Fiddler helped us find a POST request in the process of submitting the form, specifically analyzing the POST request with the following header:

The request body is as follows:

?? In order to verify the Fiddler fetch POST request, we need to postman to test. Before testing with postman, we need to ask: is it necessary to have all the data in the request header? The answer is no, in fact, we only need user-agent and content-type. In postman, enter the request header first, as follows:

Then enter the request body as follows:

Click the "SEND" button to get the result after the response, as follows:

OK, so we're done with the postman test.

Crawler

?? So, with this information to complete the submission of Request.post (), at the same time, with the help of BeautifulSoup to parse the page, get the national flag and complete the download.

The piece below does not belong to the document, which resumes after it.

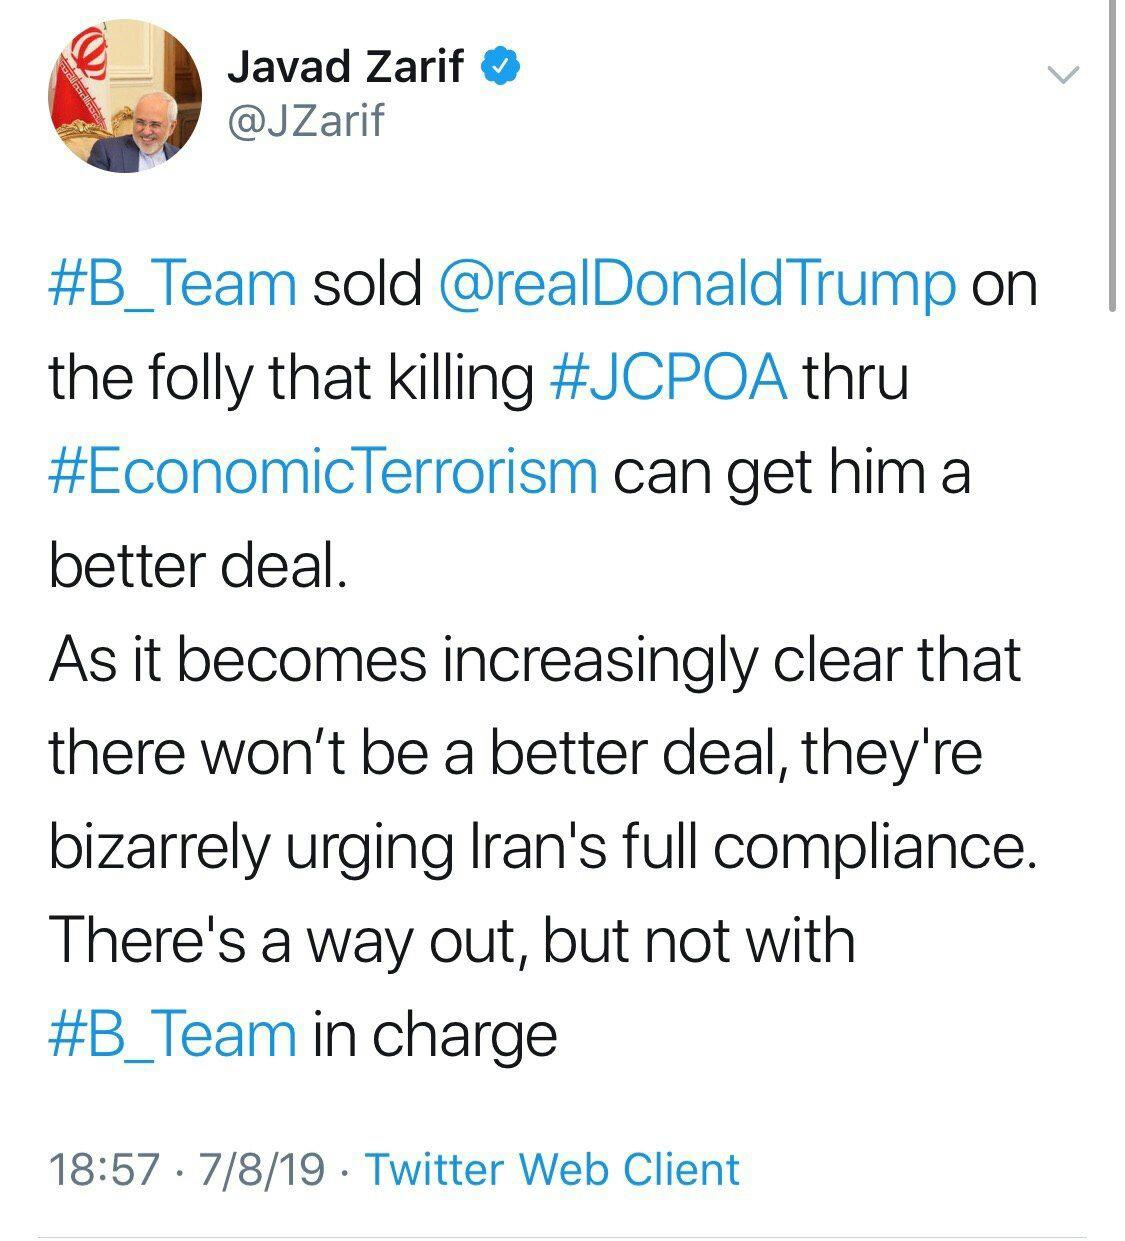 تیم B توهم توافق بهتر با ایران را به ترامپ فروخت

The specific Python code is as follows:

#-*-Coding:utf-8-*-import urllib.requestimport requestsfrom bs4 import beautifulsoup# function: Download flag of designated Country # parameter: Country: Country def Download_flag (Country): # request Header headers = {' user-agent ': ' mozilla/5.0 (Windows NT 10.0; WOW64) applewebkit/537.36 (khtml, like Gecko) chrome/67.0.3396.87 safari/537.36 ', ' content-type ': ' Applicat ion/x-www-form-urlencoded; Charset=utf-8 ',} # Post data = {' Q ': country} # url = ' http://country.911cha.com/' # commit P OST Request R = Requests.post (Url=url, Data=data, headers=headers) # Use BeautifulSoup to parse Web page content = BeautifulSoup (r.text  , ' lxml ') # Get search results (country) where the page address country = content.find_all (' div ', class_= ' Mcon ') [1] (' ul ') [0] (' li ') [0] (' a ') [0] link = country[' href '] #利用GET方法得到搜索国家的网页 r2 = requests.get (url= '%s/%s '% (URL, link)) # Use BeautifulSoup to parse web content =         BeautifulSoup (R2.text, ' lxml ') # Gets the picture in the Web page images = Content.find_all (' img ') # Gets the flag name of the specified country and for image in images: IF ' alt ' in IMAGE.ATTRS:IF ' flag ' in image[' Alt ']: name = image[' alt '].replace (' flag ', ') link = image[' src '] # download national flag Picture Urllib.request.urlretrieve ('%s/%s '% (URL, link), ' E://flag/%s.gif '%name) def main () : # Countries.txt stores the names of each country file = ' e://flag/countries.txt ' with open (file, ' R ') as F:counties = [_.strip (            ) for _ in F.readlines ()] # Traverse individual countries, download national flag for country in Counties:try:download_flag (country) Print ('%s ' flag downloaded successfully! '%country) except:print ('%s flag download failed ~ '%country ') main ()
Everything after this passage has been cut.